The restarting of the Hungarian economy will be faster than in other EU countries, Minister of Finance Mihály Varga said.

During the meeting of the European Union’s finance ministers (ECOFIN), the ministers were also briefed on the outcome of the G20 meeting of finance ministers and central bank governors. Regarding this, Mihály Varga stated that the “two-pillar” package of international tax proposals of the Organization for Economic Co-operation and Development (OECD) is still far from what is acceptable for Hungary.

We continue to reject any international solution that restricts fair tax competition, he added.

Varga also reported that the finance ministers had approved Council decisions to adopt the first 12 national recovery plans assessed by the Commission and are thus one step closer to the effective operation of the Recovery and Resilience Facility (RRF) decided upon by the heads of state and government a year ago.

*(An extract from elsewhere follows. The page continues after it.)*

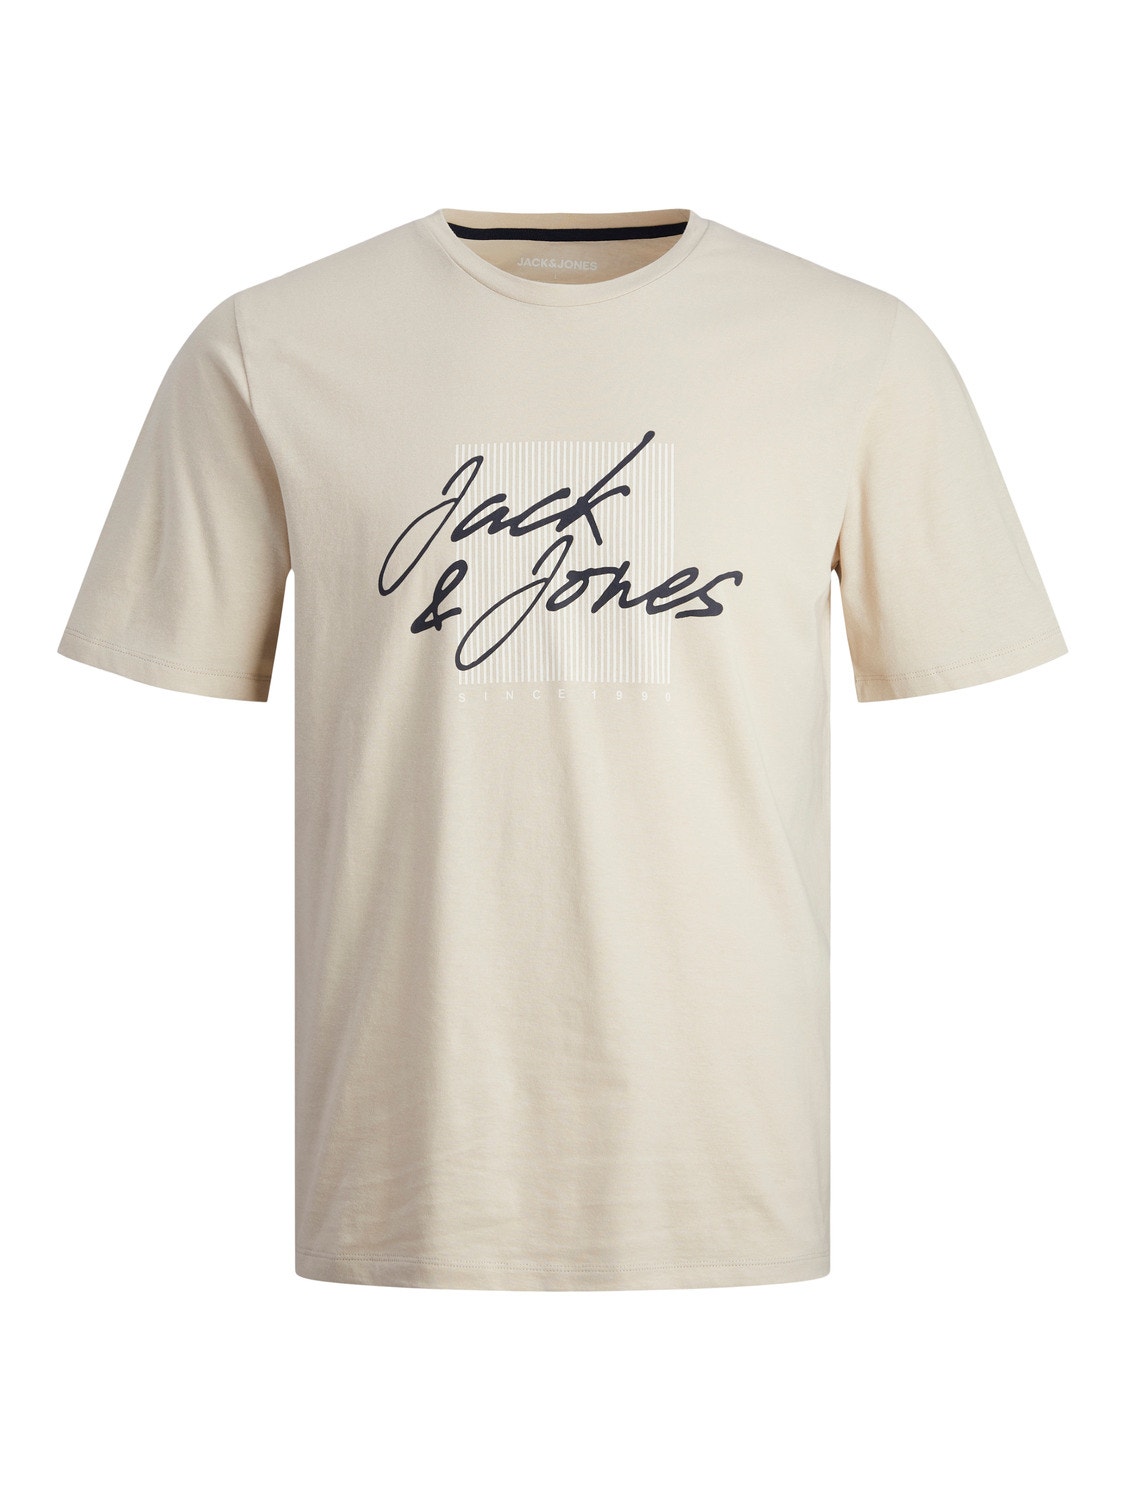 Jack & Jones T-shirt Con logo Girocollo -Moonbeam - 12247779

According to forecasts, the restarting of the Hungarian economy will be faster than in any other  EU country.

In 2022, the European Commission expects a 5 percent increase in Hungarian GDP versus 4.5 percent growth for the EU as a whole, the finance minister emphasized.

Varga added that all of this is in line with the forecasts of several international organizations and analysts as well and confirms that we have gained an advantage over other countries in the Union. 

While the European Commission forecasts that the economic performance of member states may return to pre-epidemic levels by the end of 2022, the Ministry of Finance estimates that Hungary can reach pre-epidemic levels this year. 

He emphasized that encouraging forecasts alone are not enough, and the Hungarian government is working hard to achieve the target of 5.5 percent economic growth. If it succeeds, we will be able to meet the PIT reimbursement for those raising children in 2022, which could also contribute to dynamic economic growth, Varga added.